Cost Accounting
BBUS 373 -- Spring 2013
Instructor: P.K.Sen
Office: UW1-132
Phone: 425-352-5432
Email: pksen@u.washington.edu
Black Board Course Website http://bb.uwb.edu
ROOM Sec A: UW1 021
Sec B: UW1 110
Sec C: UW1 221
TIME (MW) Sec A: 08:45-10:45
Sec B: 13:15-15:15
Sec C: 17:45-19:45
FINAL EXAM Mon, June 10, In your class hours
OFFICE HRS M W 11:00 –12, 3:30-5:30 and by appointment
Teaching Assistant The details will be notified in the class.
I. Objectives:
This course aims to introduce to you how to identify, analyze and report cost information to managers who can use it for strategy formulation, decision making and management control. It is user oriented because you need to understand the user’s needs if you are to serve the users effectively. Managers use cost information for planning and decision making, for economic evaluation of business activities, for product costing and for performance evaluation and control of subordinates. Besides “how to”, this course will often go beyond the textbook to ask the question why we adopt a certain technique and its usefulness. A major goal, therefore, is to develop knowledge of both relevance and limitations of accounting data to internal management and how to combine non-financial data with costs and other accounting information for decision making and control. Specifically, you will develop skills to prepare and interpret cost reports under different cost systems, understand how to evaluate information for their relevance for decision making, evaluate performance of a production system’s consumption of resources, use cost allocation methods for product costing and incentives reasons, and develop a rudimentary knowledge of management control systems.

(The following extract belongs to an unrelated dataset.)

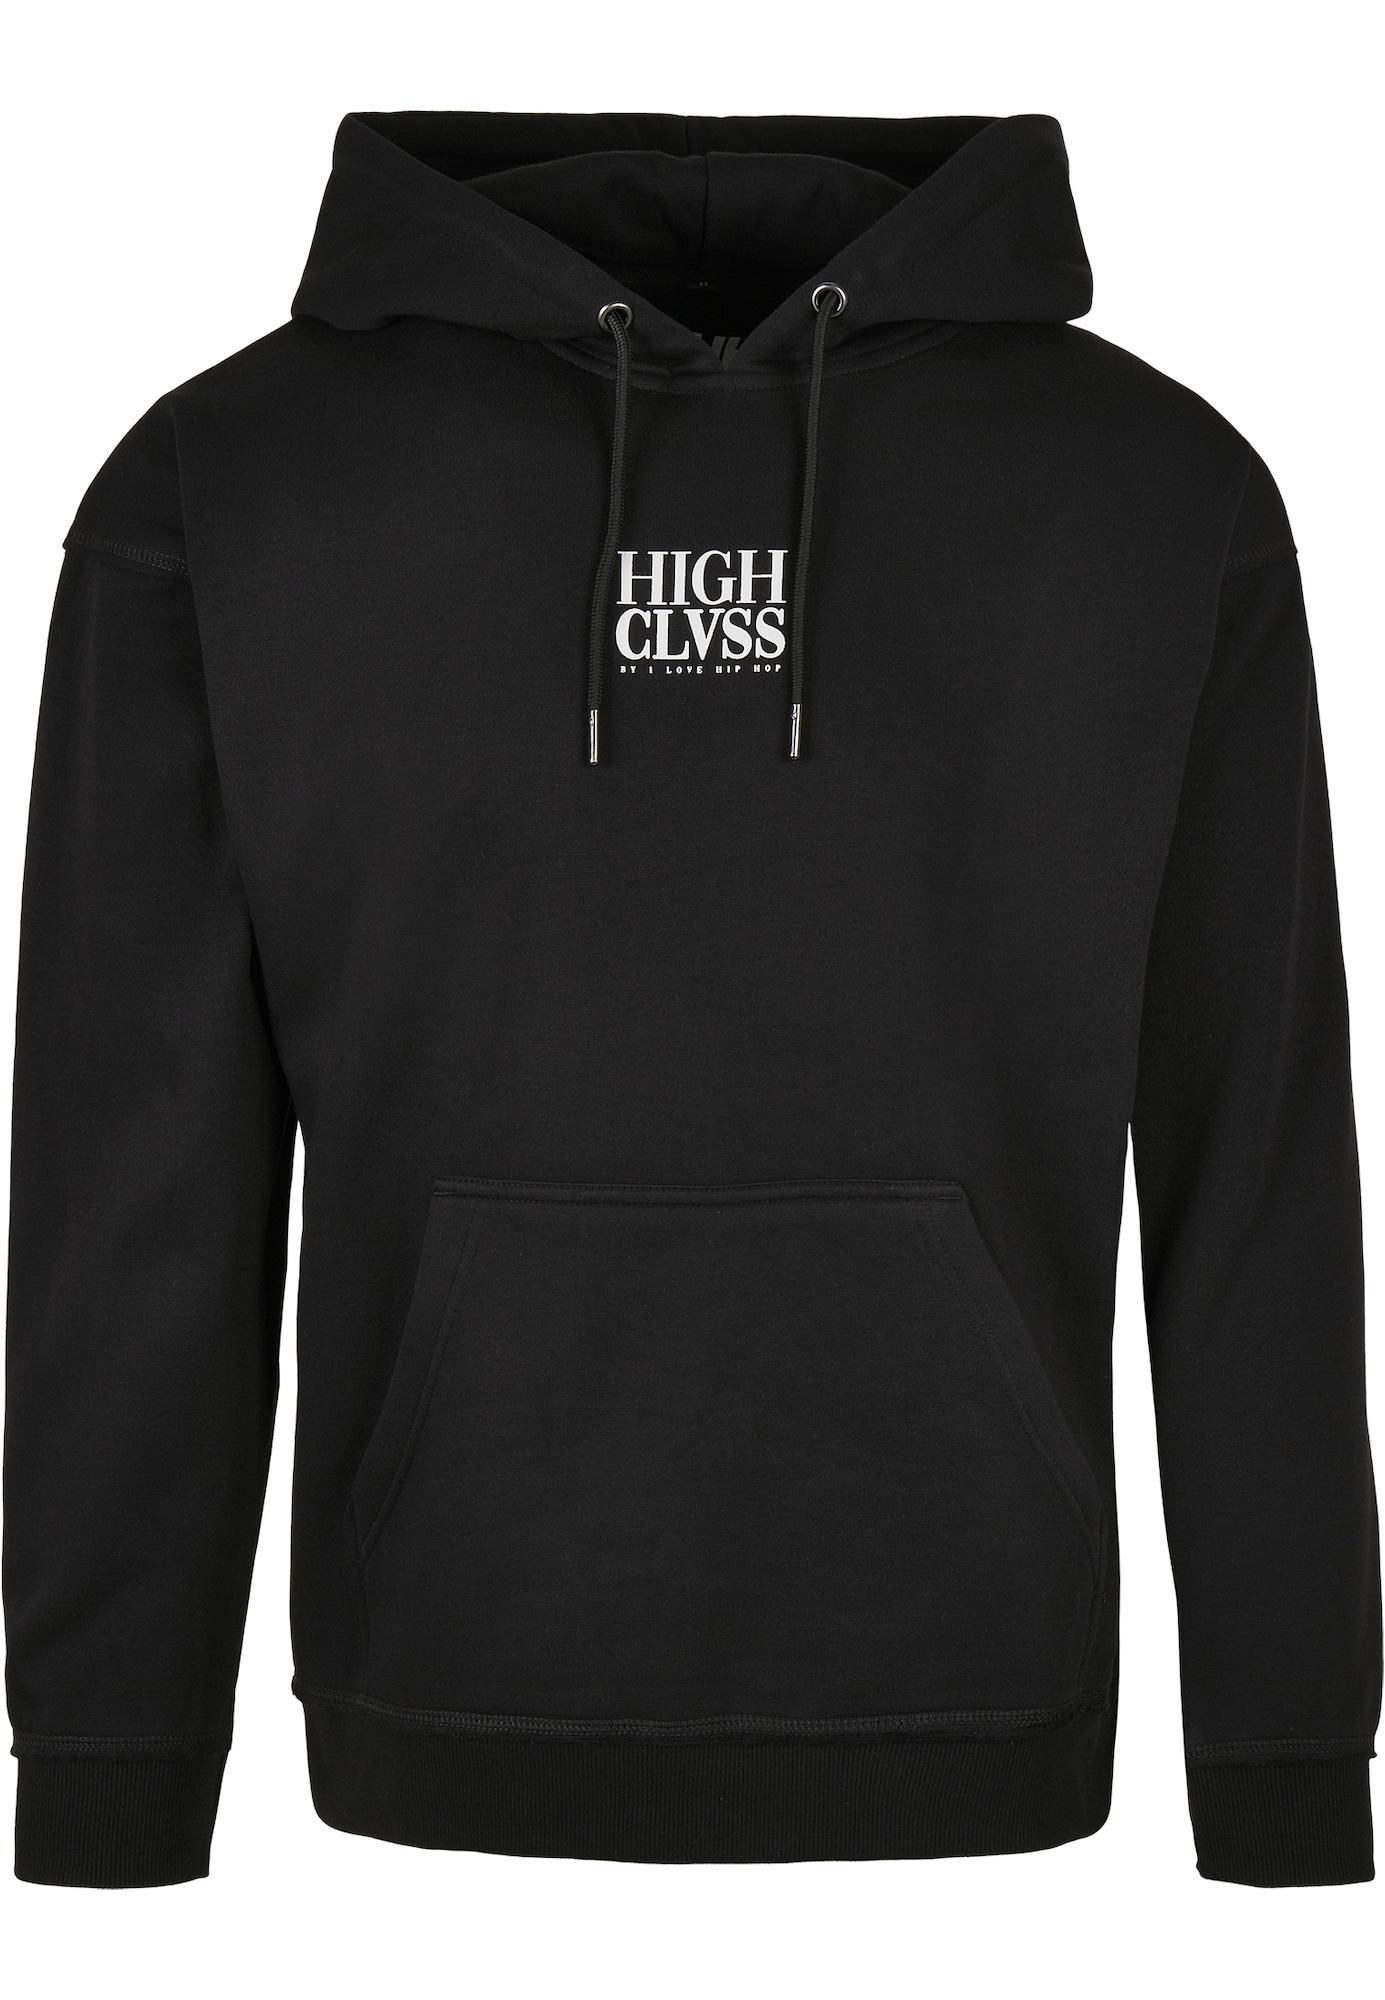 Sweatshirt ILHH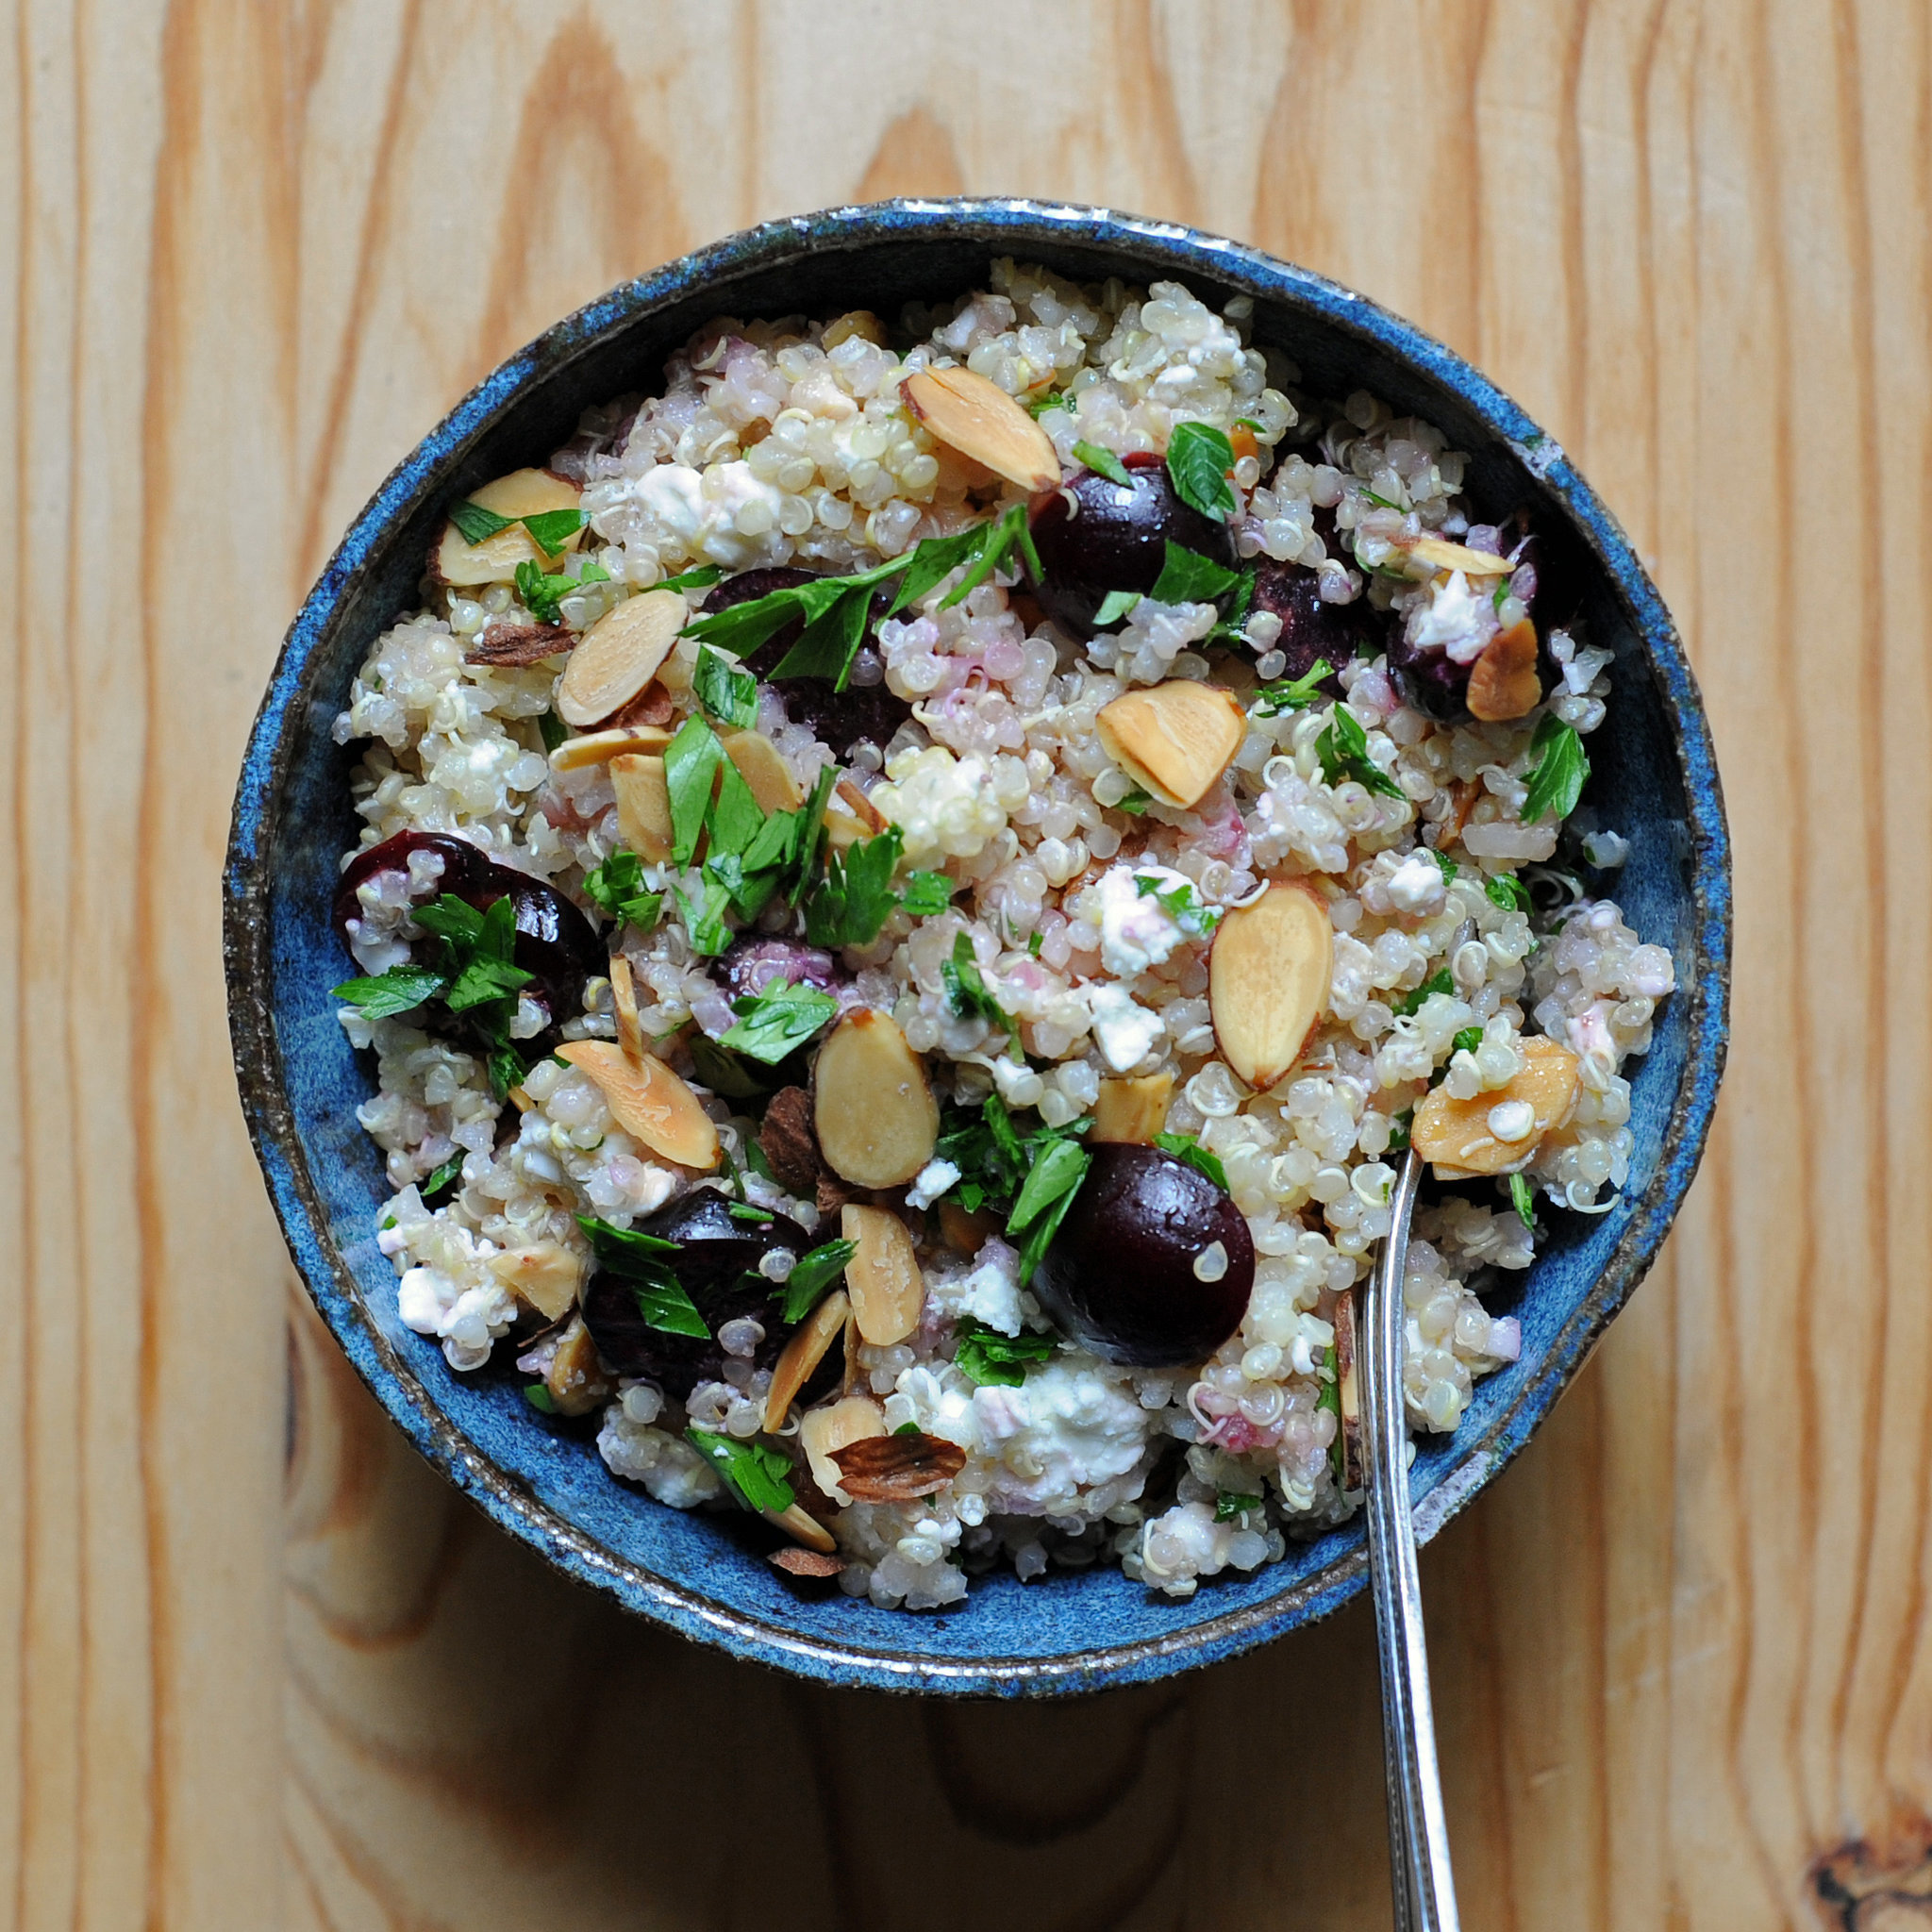 Quinoa Salad With Cherries and Feta

II. Structure of the Course and Pedagogy:
This course builds significantly on the knowledge you acquired in the Introductory Managerial Accounting Course, B BUS 221. Therefore, you will do well to refresh your memory of the concepts and techniques you learned in that class. We will offer a brief review of those concepts and build upon those concepts and further develop our analysis based on those concepts. The class meets for two hours twice a week. A class schedule with a list of topics to be covered follows. For each class, there are assigned readings, mostly chapters from the textbook, and a set of problems to be prepared. The lectures will be based on the assigned readings and the "Class Problems" mentioned in the syllabus. You should go over the problems mentioned in the syllabus to become familiar with the facts. We will solve these problems in the class. You would need to work in groups for the case analyses. I strongly recommended that you form study groups at the end of the first class meeting. A study group should consist of no more than five individuals and no less than four individuals.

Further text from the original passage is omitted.